Mr. Jenner. This interest of Mr. Bouhe, and this course of conduct that you have related was, as far as you are concerned, there was nothing extraordinary about it, it was something you normally would expect of a man like George Bouhe?
Mrs. Leslie. Yes, and I will tell you now, even now I do not meet with Mr. Bouhe and there is a completely different reason why. He is a temperate man, a little bit—he can tell you—insult you sometimes without thinking, and I am a little bit older than he is, a few years, so it was a case which probably will interest you because it was one of the finest things which happens.
When I was a child and close with my mother, I saw a photograph of my mother which was taken by some artist that was collecting Russian costumes of art, you know, peasant's costumes and her brother was in an academy, he was a painter, and this painter came from London and he wanted to help to make a book about Russia as an artist. So, he wanted to take photographs of the girls in these costumes and my mother was pretty, very pretty when she was young. She was 17 then—she was very pretty then, but that was long ago, that was 70 years ago, so they took her photograph in the costume and when I was 5 years old, I sold this photograph to a man, nothing else, you know, just a photographer and I forgot about it, and already being in America, I was living in Boston with my husband. I visited one of my friends and she was collecting Russian things, embroideries and books and she showed me some books and it was art books and I was looking at those costumes and then I see a portrait of my mother.
It was, you know, very big thing for me because being already 13 years out of Russia and I find a portrait of my mother in America and it was a very rare case.
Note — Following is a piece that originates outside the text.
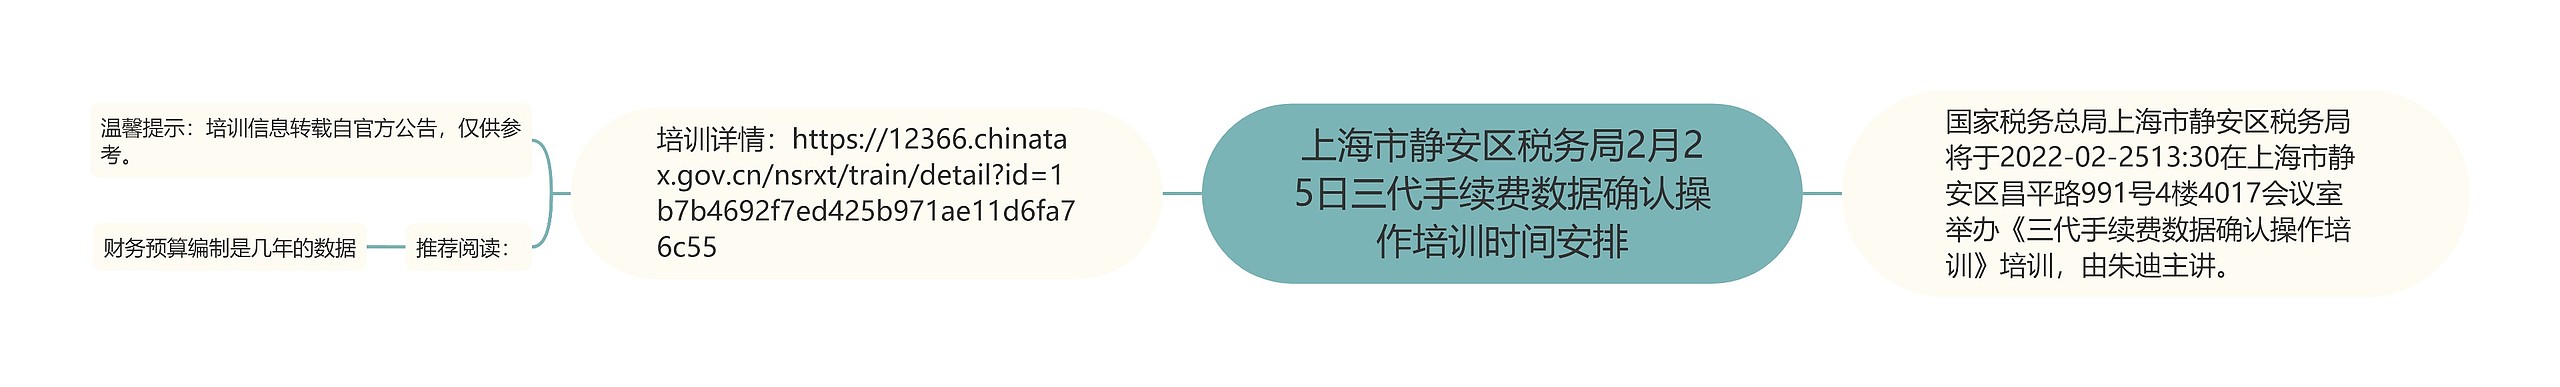 上海市静安区税务局2月25日三代手续费数据确认操作培训时间安排思维导图

I was asking this lady to give me the name of this book so I could find it, and she put this book so well on the shelf and after a few years finally, she sends me the name of this book, and when I met Mr. Bouhe, I told him I would like to buy a book, which is a very old edition, maybe 60 years ago, which now probably they wouldn't make it any more. He said, "That's what I like to do. I like to do everything. I don't have too much to do," and you know, he has nothing much to do and he says that he will find it. Finally, he found these two books, one for $60 and one for $20. So, I said, "I don't care about the book, I care only about my mother, the picture of my mother. I will pay for it $20." And, at 7 o'clock in the morning he calls me and he says, "I have this book—or rather it has arrived. Which one is portrait of your mother?"
There were about 20 portraits of different girls in costumes and how can I tell him which one is my mother and I said, "You bring me book and I will show you. I cannot tell you."
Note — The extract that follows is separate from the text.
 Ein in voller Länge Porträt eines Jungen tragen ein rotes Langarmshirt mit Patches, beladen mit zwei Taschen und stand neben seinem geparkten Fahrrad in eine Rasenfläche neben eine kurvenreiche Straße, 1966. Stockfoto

And he said, "Oh, how can you not tell about your mother, how she looks and so forth?'
I said, "I cannot tell you. Come and I will show you, and why do you call me at 7 o'clock in the morning. I have to rush to my job and I have no time to talk now." So, he hung up. Then, in the evening I found the book in the threshold of the house. So, indeed, after my job I called him on the telephone and I told him, I wanted to thank him for it and ask him, "Why didn't you come in the evening so I can show you where is my mother?" And he told me, "I don't want to know you any more. You were so rude to me, you didn't want to tell me which one is your mother so I don't want to know you any more and I am not interested in it." I said, "That's your privilege. I cannot force myself on you, if you don't want to know me." So, that was a break, you know, so since that—it was about more than 1 year I have lost track of it.
After this I was not at his house. So, I meet him socially sometimes at Mrs. Ford's house and shake hands with him, but I not invite him. He says he doesn't want me to know him—he doesn't want to know me, so I do not invite him to my house, he does not invite me to his house; and that's the situation, and I didn't meet him since—since this case, but I have nothing against him, but I was expecting from him some apology. I am an older woman and, after all, he is a man and I am a lady and when he told me he doesn't want to know me, so that's his, you know, duty to excuse me. I was a little bit rough, or something, and that's the end, but he didn't, so I'm stubborn too, so that was the end with Mr. Bouhe, and I never met him one time, and when I meet him, I say, "Hello, how are you," and that's all.
Mr. Jenner. How did these people, Lee Oswald and Marina Oswald act toward each other on the occasion when you saw them?